Upgrade/reboot labsdb* servers
Closed, ResolvedPublic

Description

Task to coordinate work with DBAs to upgrade/reboot these servers:

  • labsdb1004.eqiad.wmnet (jessie) scheduled 2018-11-20 17:15 UTC without announcement
  • labsdb1005.eqiad.wmnet (jessie) scheduled 2018-11-27 17:30 UTC with announcement
  • labsdb1006.eqiad.wmnet (stretch) scheduled 2018-11-20 17:30 UTC with announcement
  • labsdb1007.eqiad.wmnet (stretch)
  • labsdb1009.eqiad.wmnet (stretch) scheduled 2018-11-28 10:00 UTC without announcement
  • labsdb1010.eqiad.wmnet (stretch) scheduled 2018-11-29 10:00 UTC without announcement
  • labsdb1011.eqiad.wmnet (stretch) scheduled 2018-11-21 13:00 UTC without announcement
GTirloni created this task.Wed, Nov 14, 5:41 PM
GTirloni triaged this task as Normal priority.
Restricted Application added a subscriber: Aklapper. · View Herald TranscriptWed, Nov 14, 5:41 PM

@Halfak labsdb1004/5 would affect wikilabels. We may just do reboots in place like last time due to the tables that don't replicate per: https://wikitech.wikimedia.org/wiki/Help:Toolforge/Database#ToolsDB_Backups_and_Replication

  • labsdb1004 is the replica for most tables on 1005, but it is the only server for wikilabels (just so that information is out there).

@akosiaris labsdb1006/7 are involved -- and if we do this with a failover, I want to make sure the additional tables for T201544 are replicated? Can we confirm that?

I'll work with you on this

Take the opportunity to upgrade MySQL too!
Thanks

Banyek moved this task from Triage to In progress on the DBA board.Thu, Nov 15, 11:33 AM

Would next Monday 13:00 UTC 19th Nov work for a couple of reboots? Let's say labsdb1010.eqiad.wmnet and labsdb1011.eqiad.wmnet since these weren't mentioned by @Bstorm to require any special coordination with external people.
(I'm not even sure we should inform our users about the reboots).

@Banyek could you please check MySQL packages beforehand and install/upgrade as required before that date and confirm the date/schedule is good for you?

@akosiaris labsdb1006/7 are involved -- and if we do this with a failover, I want to make sure the additional tables for T201544 are replicated? Can we confirm that?

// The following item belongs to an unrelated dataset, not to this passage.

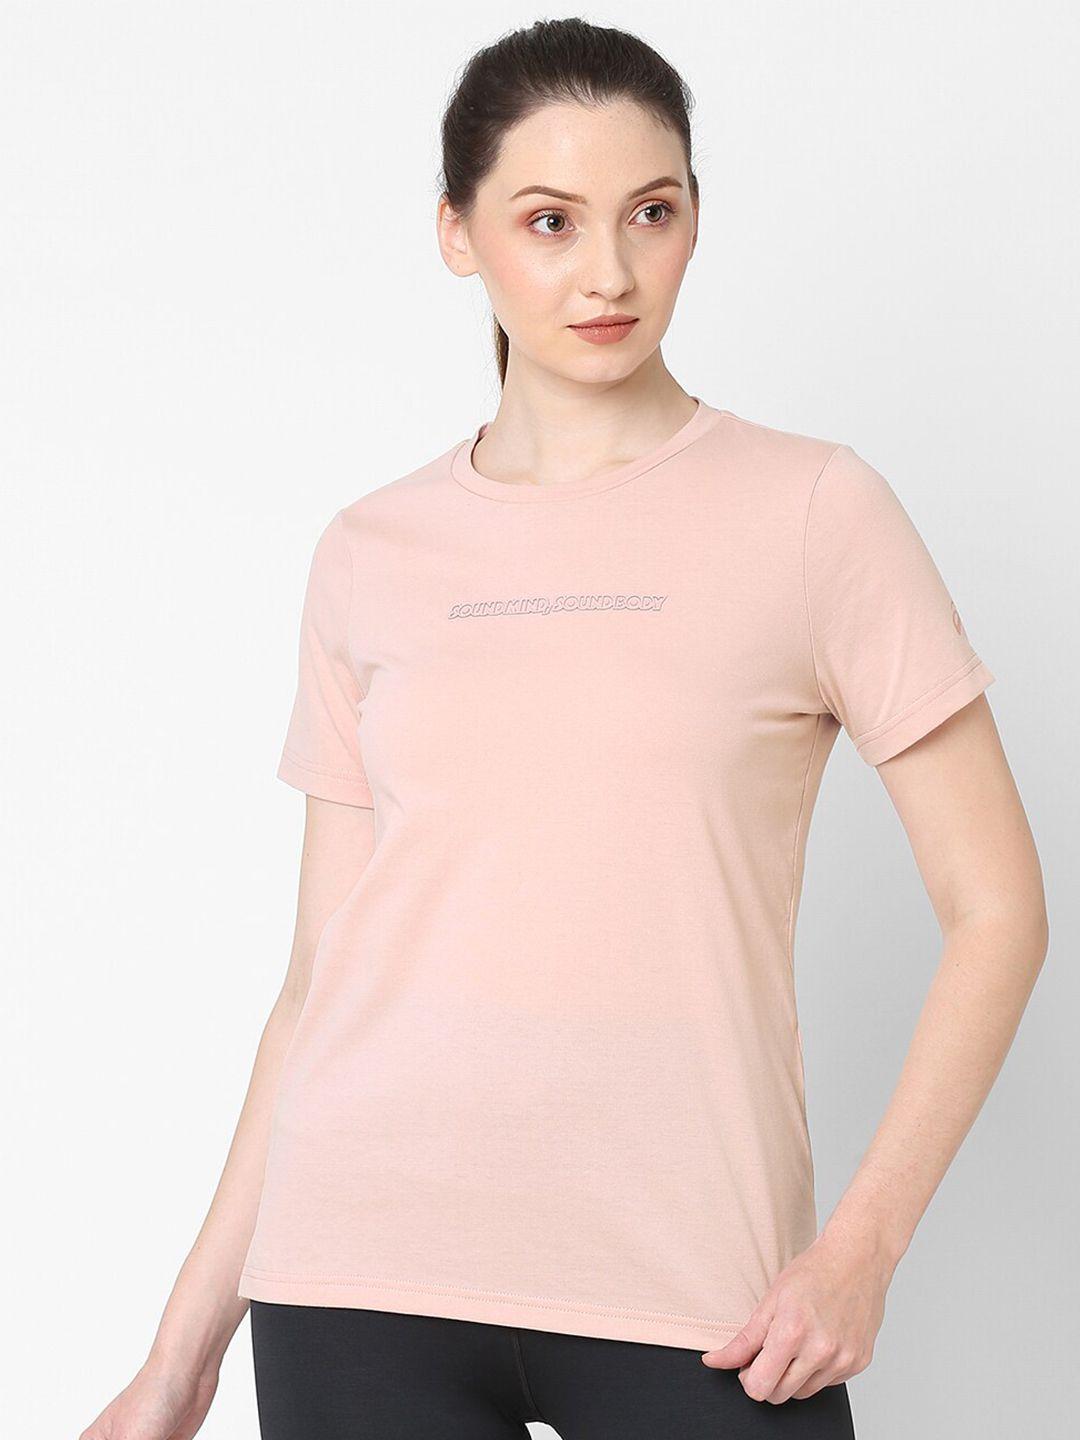 asics-logo-graphic-women-peach-coloured-typography-t-shirt
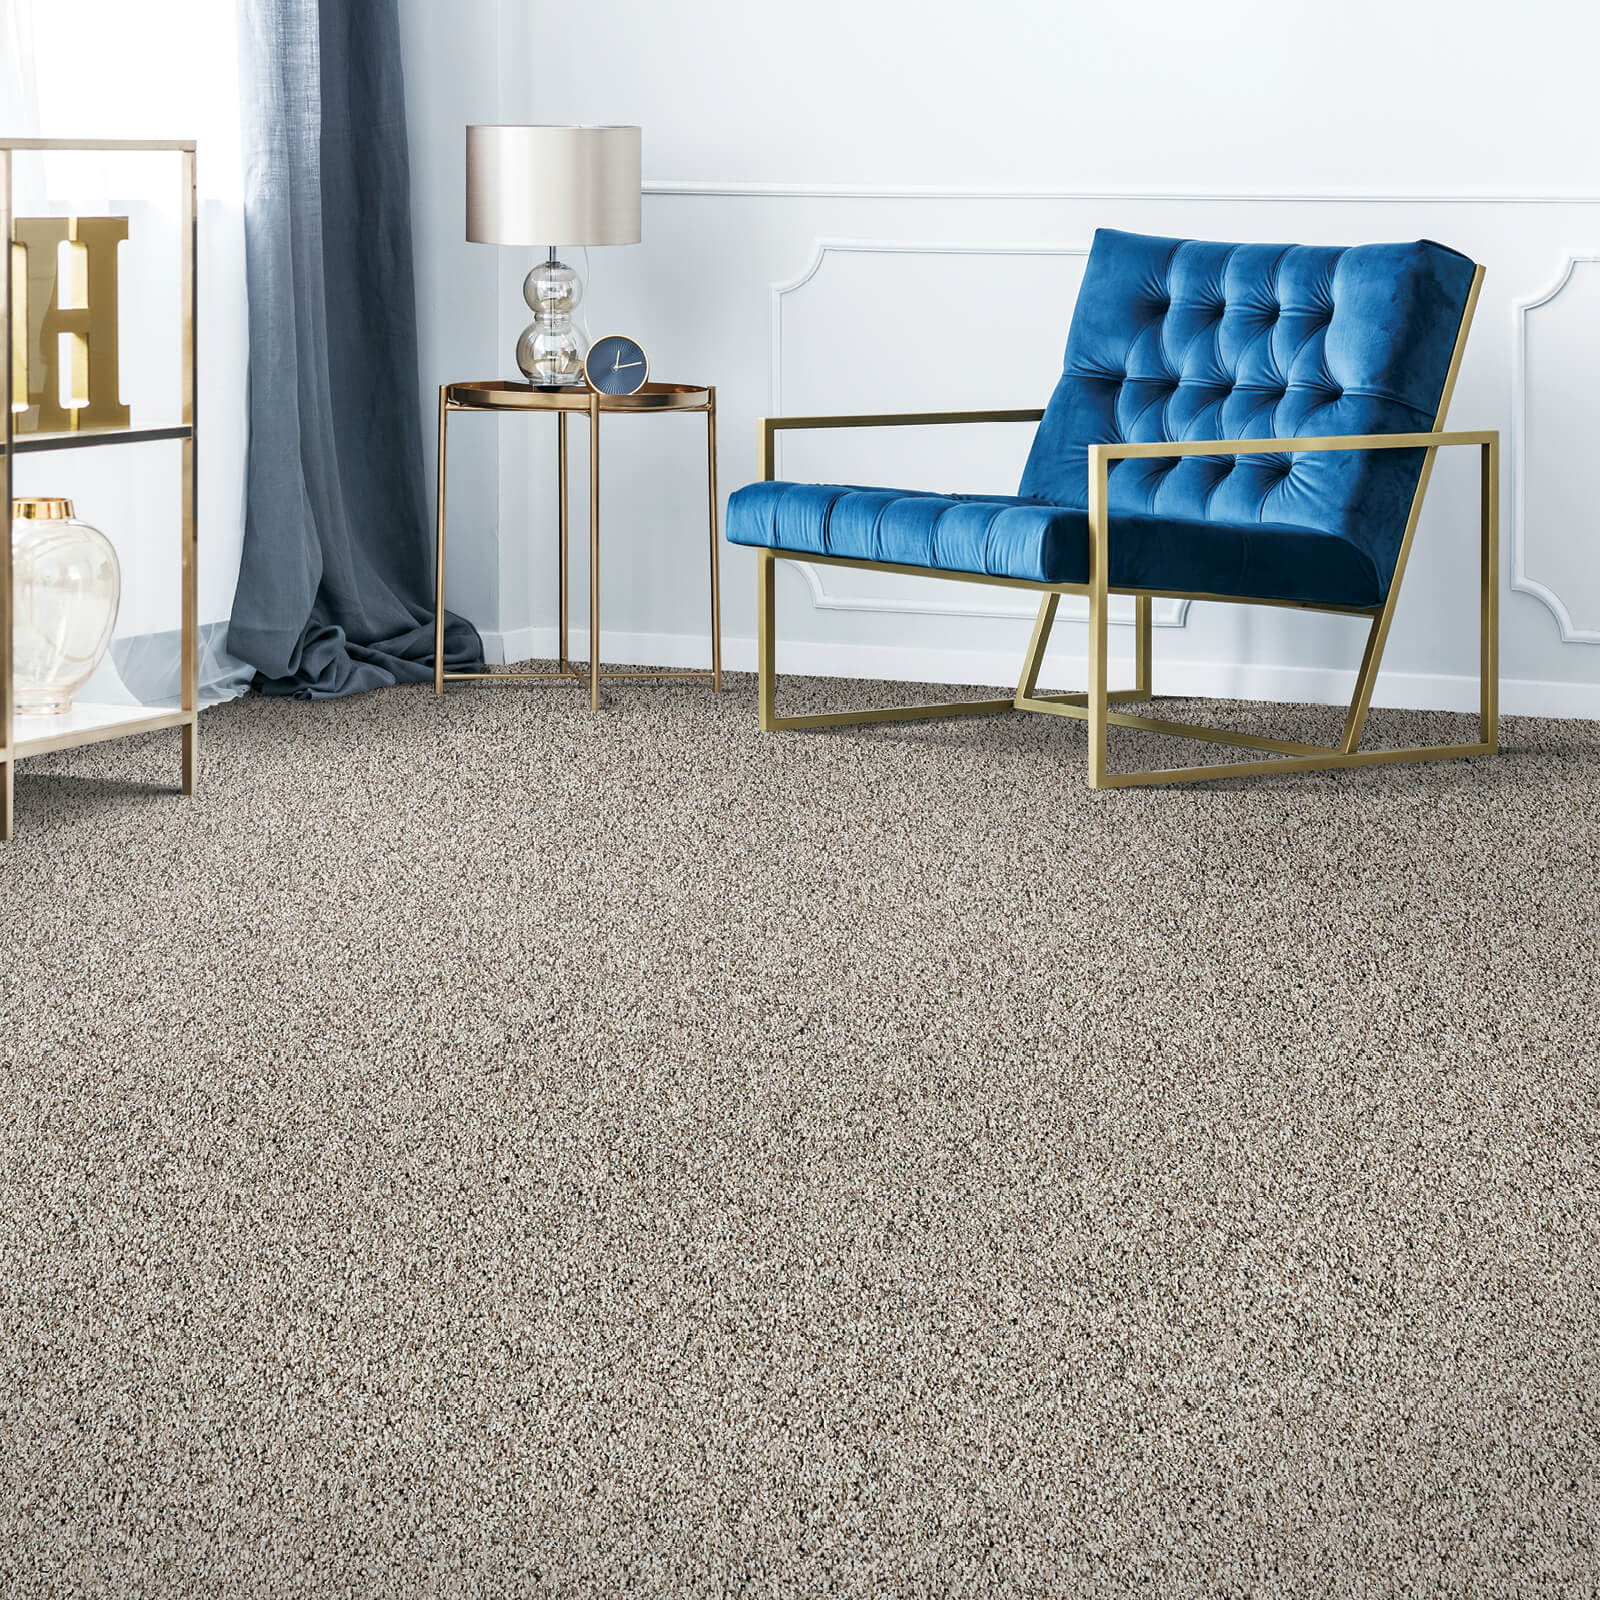 Posh Appeal carpet | Flooring by Wilson's Carpet Plus

I don't think it's worth to do the failover dance just for a reboot. It will probably consume more time than the time the master will take to reboot and cause more operational frustration than it's worth. But to answer your question, yes the tables between labsdb1006 and labsdb1007 are in sync

akosiaris@labsdb1007:~$ echo '\d' | sudo -u postgres psql -d gis
                     List of relations
 Schema |            Name            |   Type   |  Owner   
--------+----------------------------+----------+----------
 public | coastlines                 | table    | postgres
 public | coastlines_gid_seq         | sequence | postgres
 public | geography_columns          | view     | postgres
 public | geometry_columns           | view     | postgres
 public | land_polygons              | table    | postgres
 public | land_polygons_gid_seq      | sequence | postgres
 public | osmcounts_ecus2012         | table    | osm
 public | osmcounts_ecus2012_id_seq  | sequence | osm
 public | osmcounts_us_cbsa          | table    | osm
 public | osmcounts_us_cbsa_gid_seq  | sequence | osm
 public | osmcounts_us_state         | table    | osm
 public | osmcounts_us_state_gid_seq | sequence | osm
 public | planet_osm_line            | table    | postgres
 public | planet_osm_nodes           | table    | postgres
 public | planet_osm_point           | table    | postgres
 public | planet_osm_polygon         | table    | postgres
 public | planet_osm_rels            | table    | postgres
 public | planet_osm_roads           | table    | postgres
 public | planet_osm_ways            | table    | postgres
 public | raster_columns             | view     | postgres
 public | raster_overviews           | view     | postgres
 public | spatial_ref_sys            | table    | postgres
 public | wiwosm                     | table    | osm
 public | wiwosm_wikidata_languages  | table    | osm
 public | wp_coords_red0             | table    | osm
 public | wp_coords_red2             | table    | osm
 public | wp_coords_red3             | table    | osm
 public | wp_coords_red4             | table    | osm
(28 rows)

Would next Monday 13:00 UTC 19th Nov work for a couple of reboots? Let's say labsdb1010.eqiad.wmnet and labsdb1011.eqiad.wmnet since these weren't mentioned by @Bstorm to require any special coordination with external people.
(I'm not even sure we should inform our users about the reboots).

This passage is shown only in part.